Problem statement:
Give back, word for word, only the lines from the opening of the records through the one with "Im Preis enthalten ist ein". Pictures stay out.

Dataset entries:
--------------------------------------------------
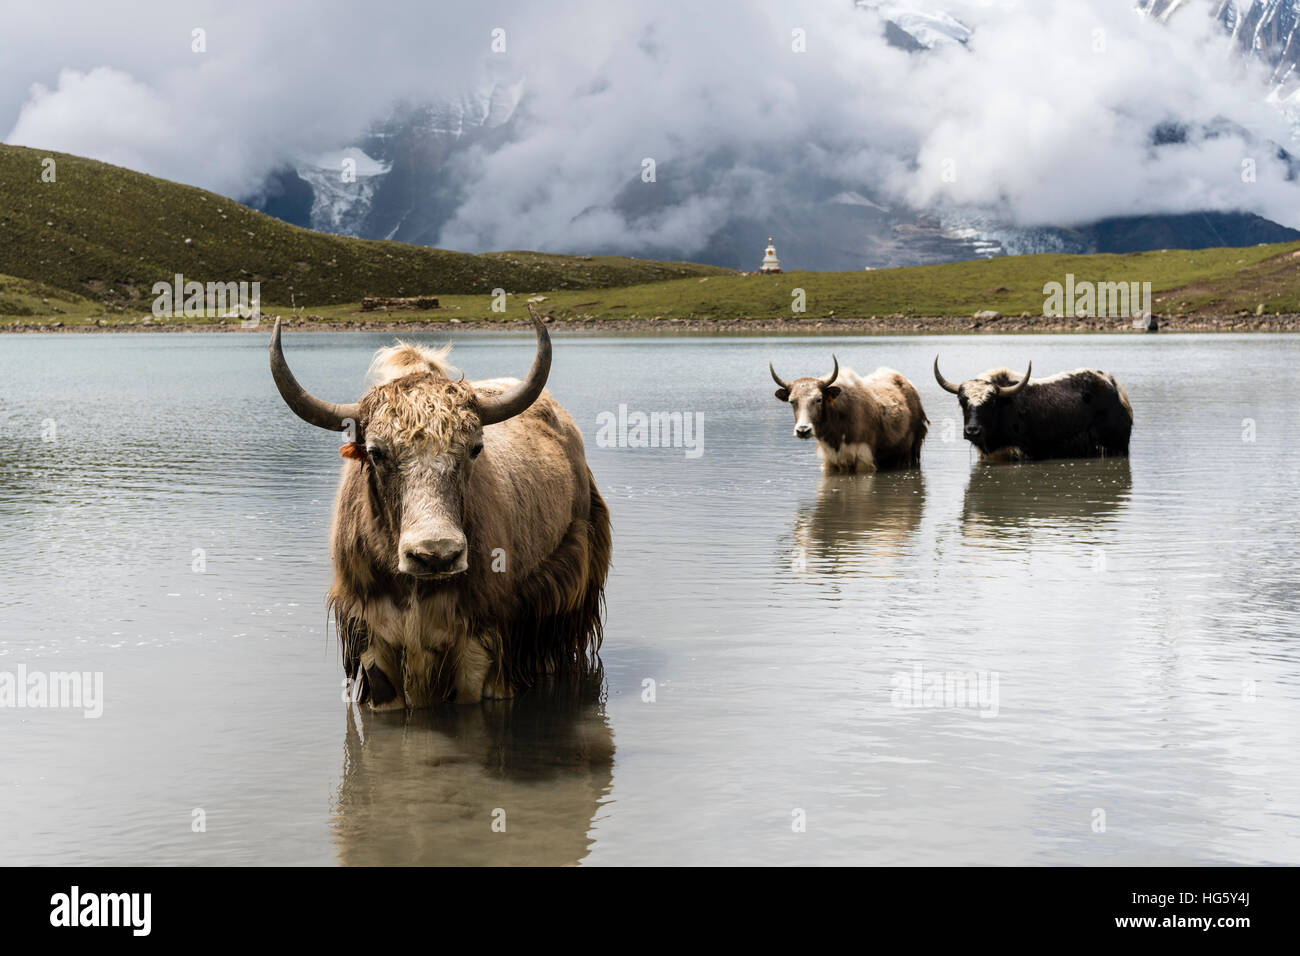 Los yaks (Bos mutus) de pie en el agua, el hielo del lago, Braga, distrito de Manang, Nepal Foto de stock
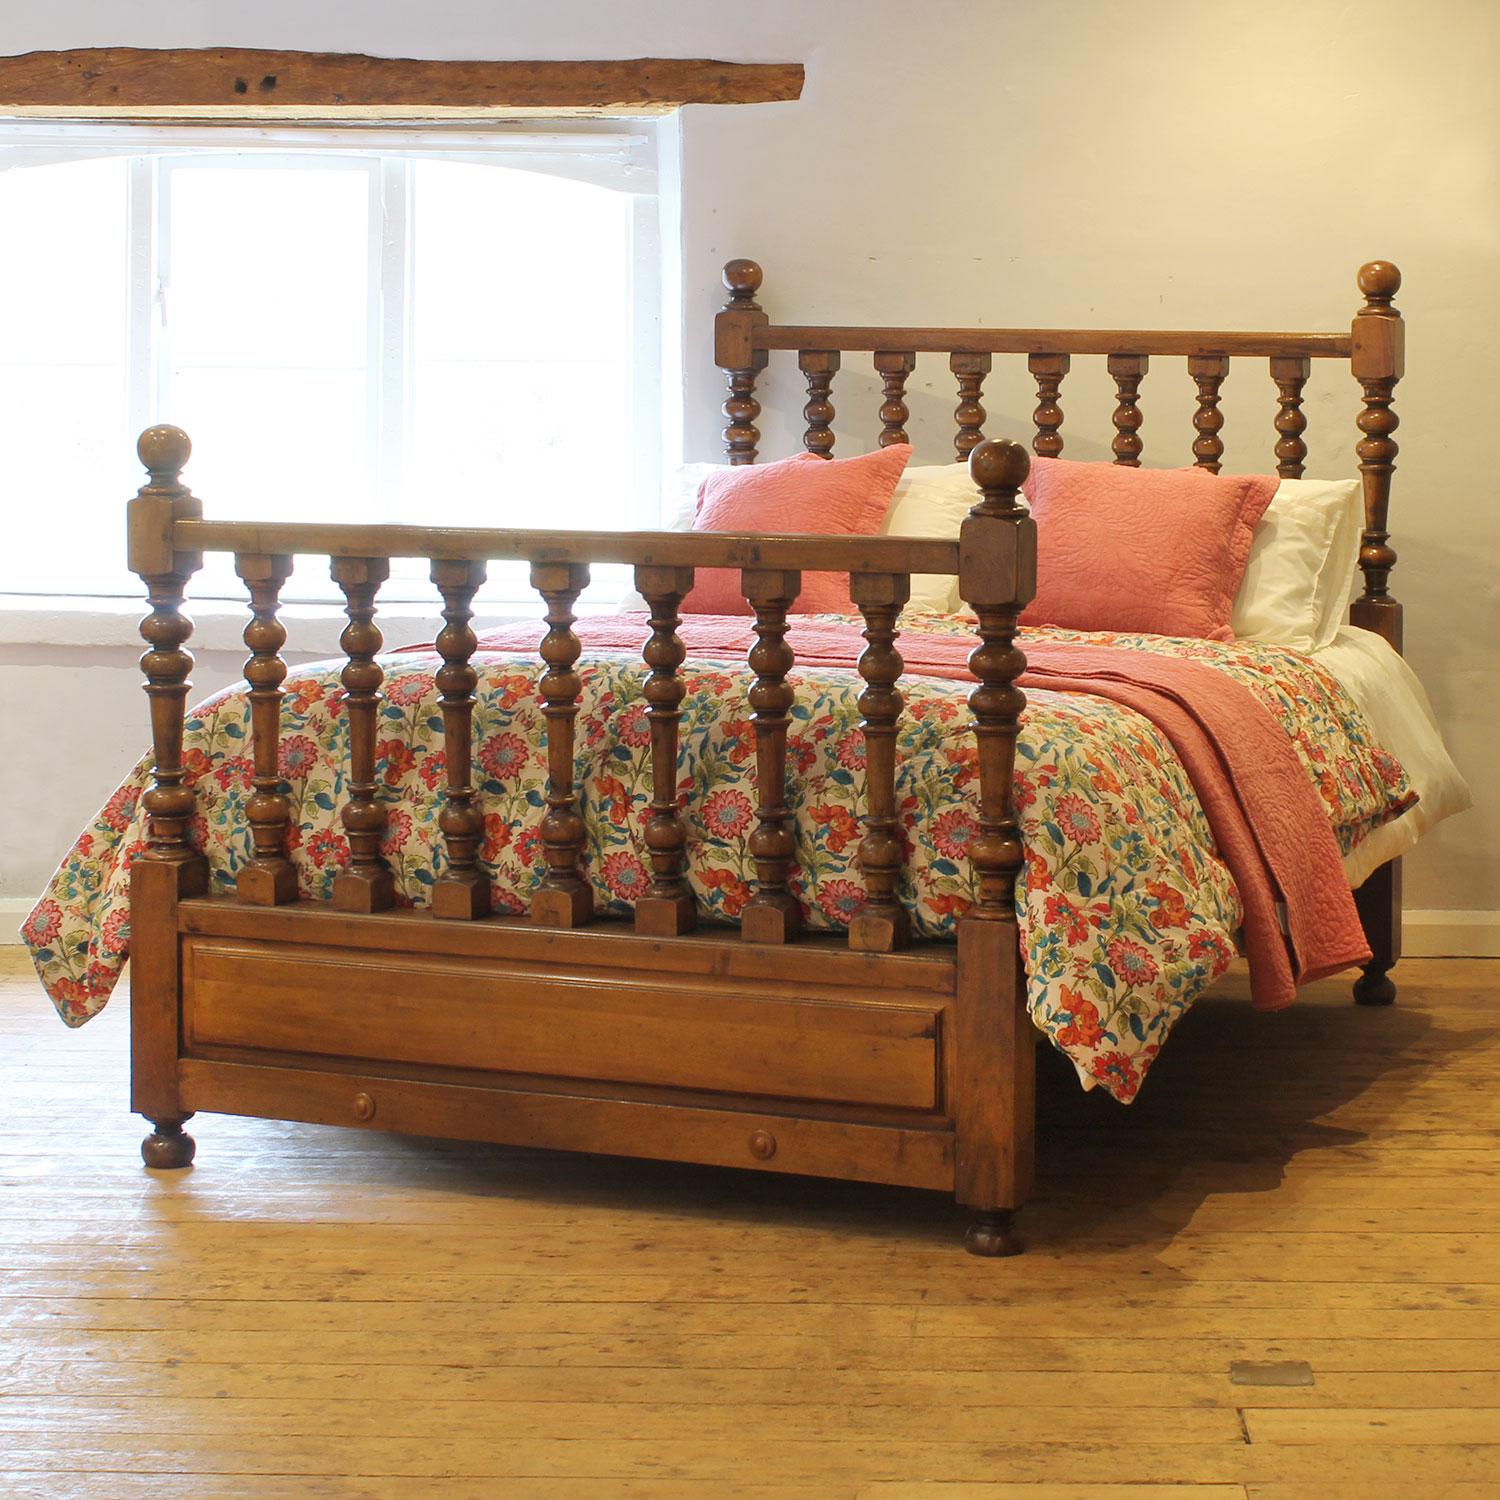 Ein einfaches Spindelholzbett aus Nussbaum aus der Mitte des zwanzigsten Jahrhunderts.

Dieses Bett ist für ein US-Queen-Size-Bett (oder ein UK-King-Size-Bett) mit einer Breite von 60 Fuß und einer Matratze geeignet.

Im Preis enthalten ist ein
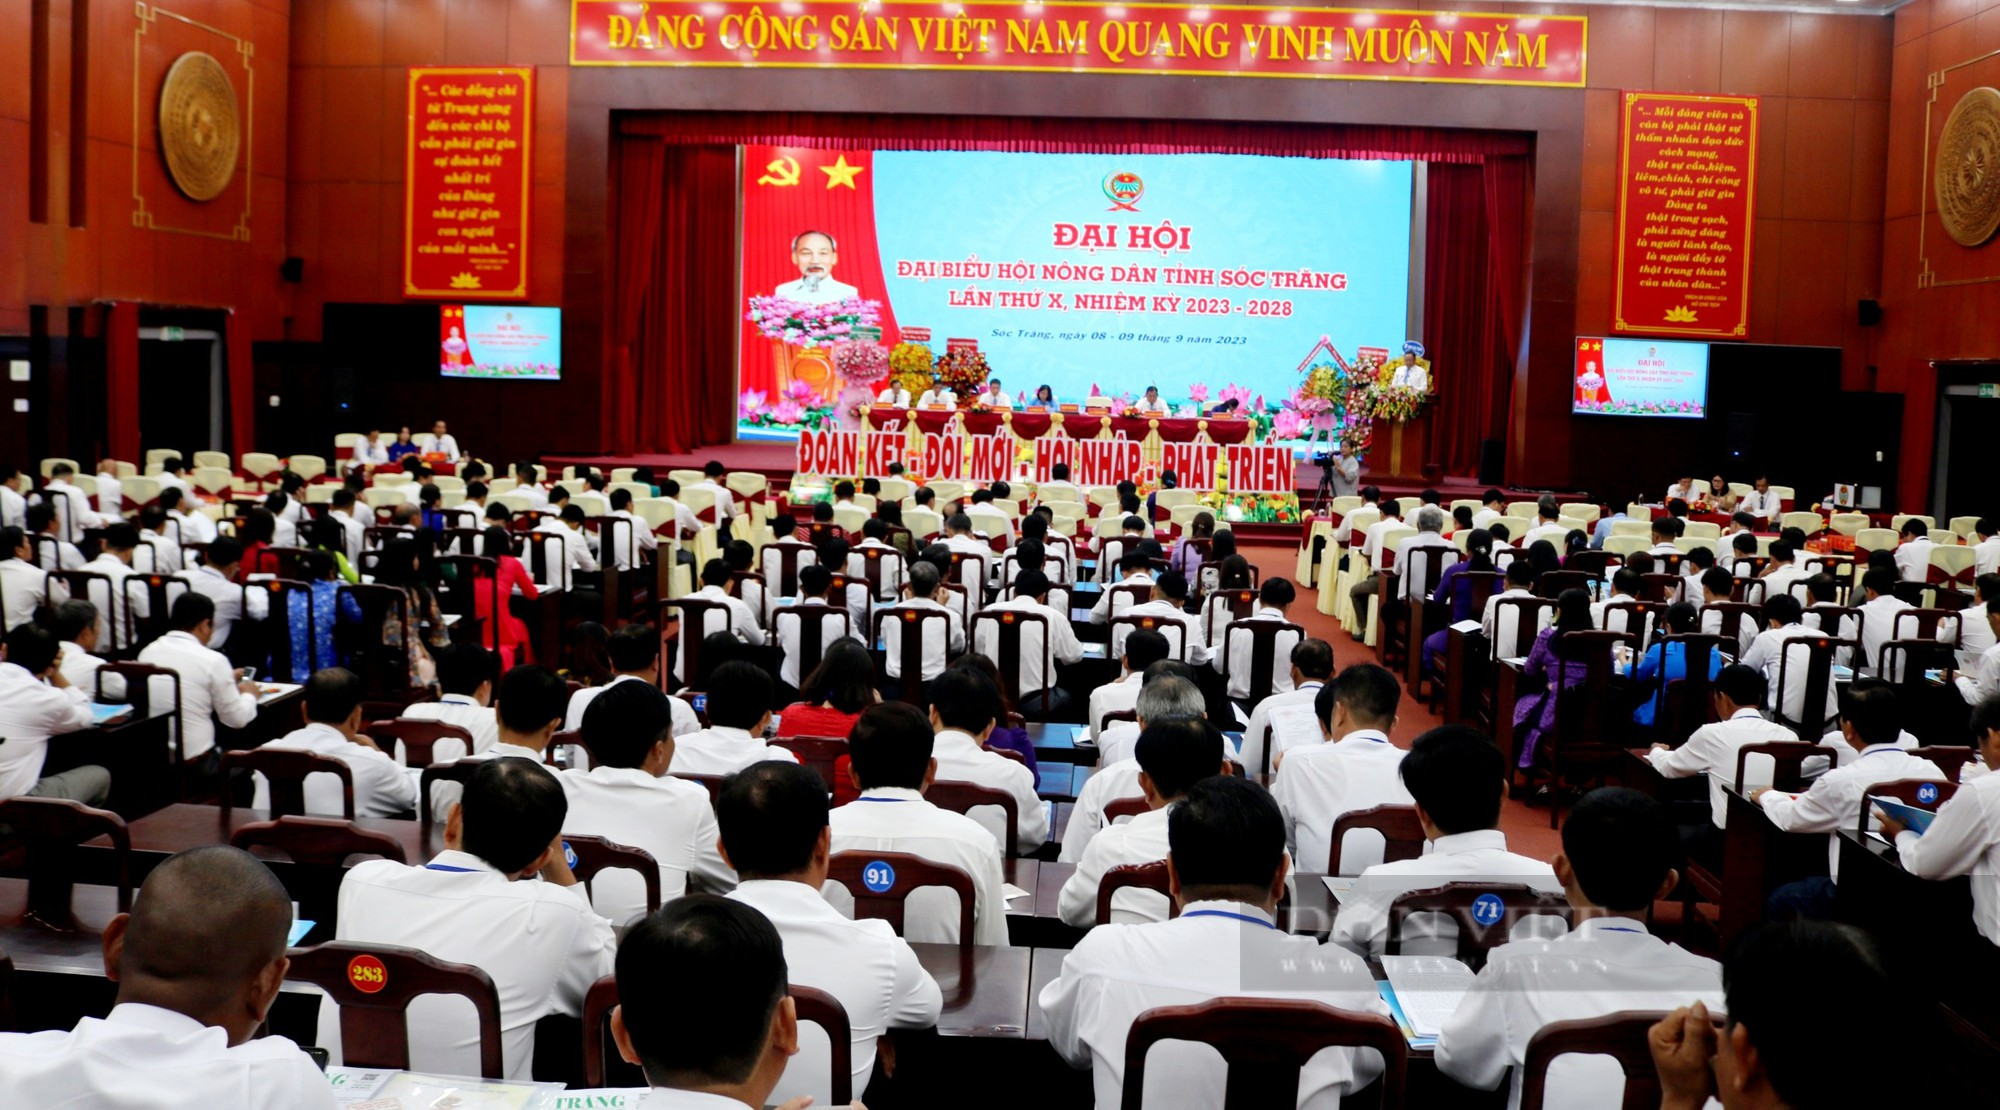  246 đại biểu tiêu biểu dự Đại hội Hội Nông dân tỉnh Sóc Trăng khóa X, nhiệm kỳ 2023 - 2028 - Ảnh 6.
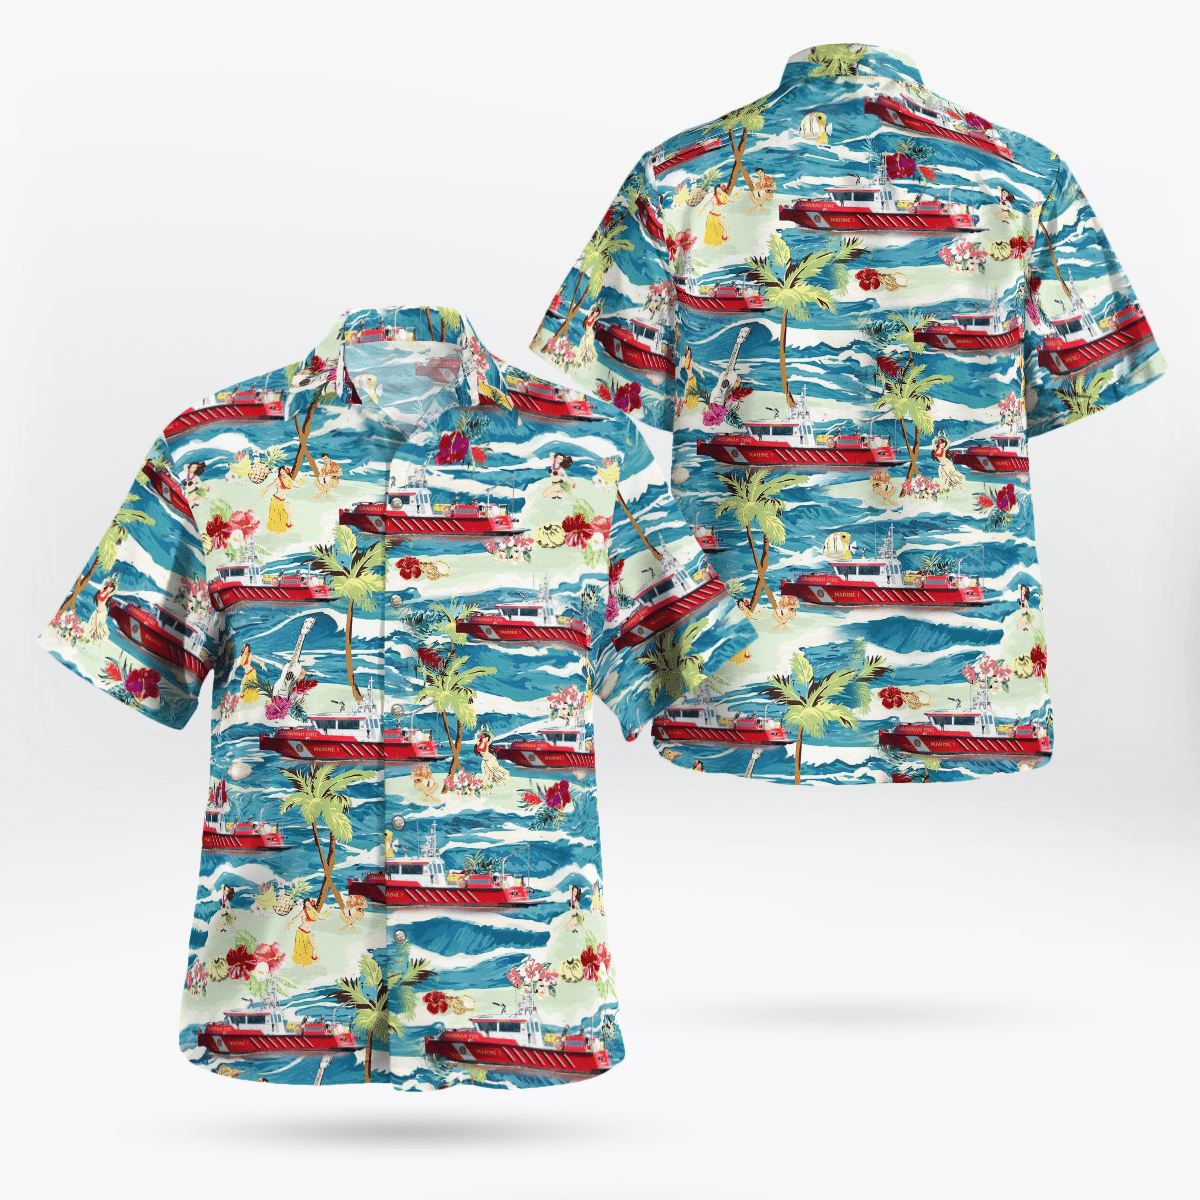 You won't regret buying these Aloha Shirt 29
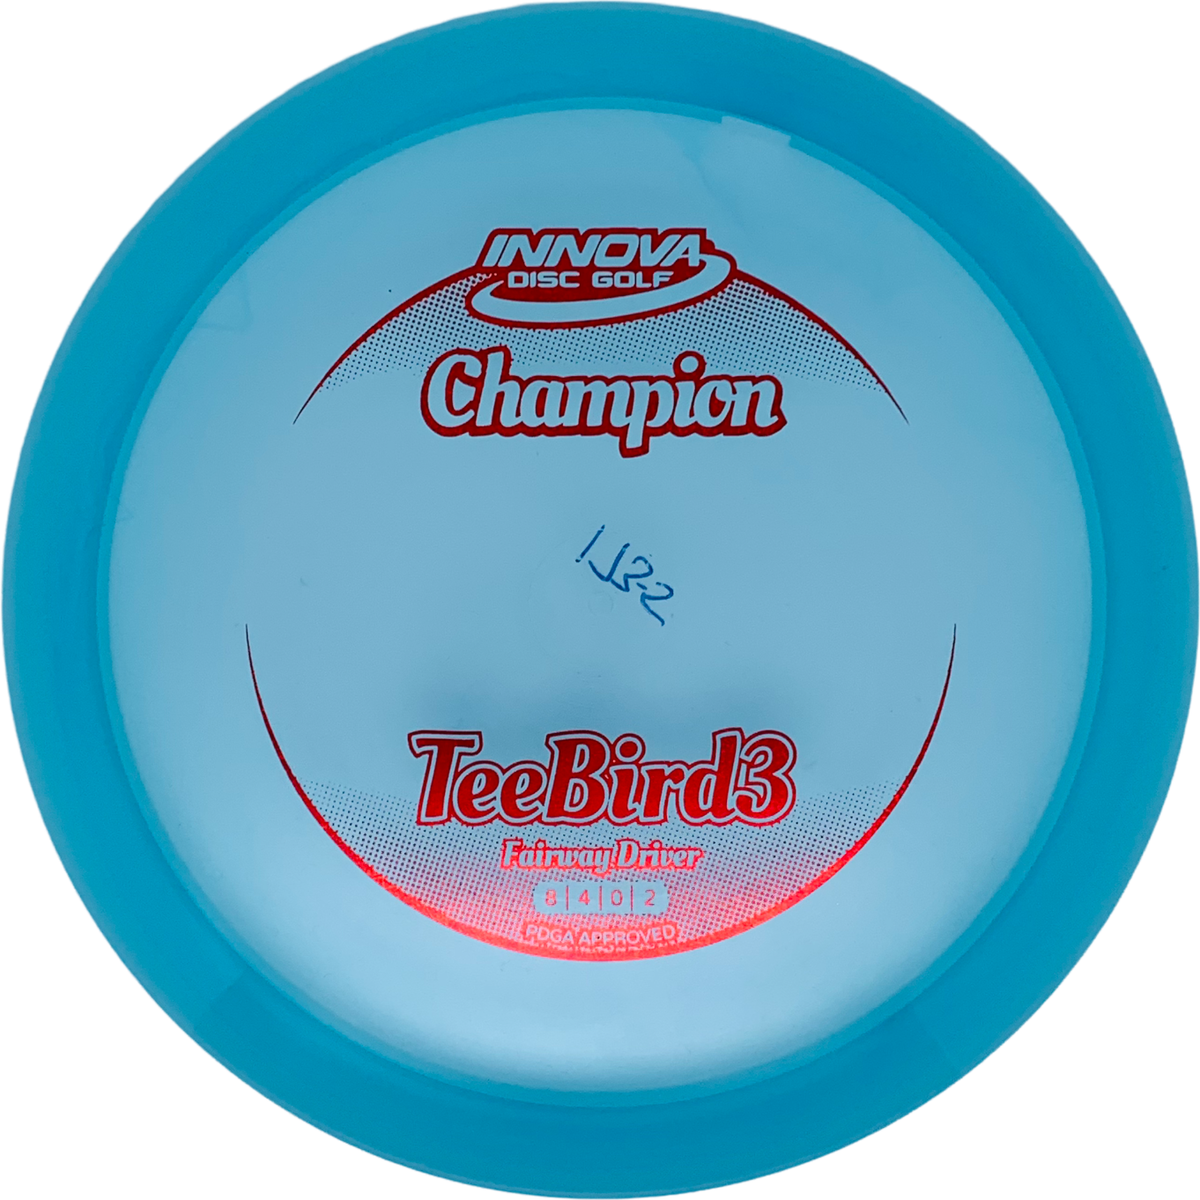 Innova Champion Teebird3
--------------------------------------------------
Response below:
 Los yaks (Bos mutus) de pie en el agua, el hielo del lago, Braga, distrito de Manang, Nepal Foto de stock
 Ein einfaches Spindelholzbett aus Nussbaum aus der Mitte des zwanzigsten Jahrhunderts.

Dieses Bett ist für ein US-Queen-Size-Bett (oder ein UK-King-Size-Bett) mit einer Breite von 60 Fuß und einer Matratze geeignet.

Im Preis enthalten ist ein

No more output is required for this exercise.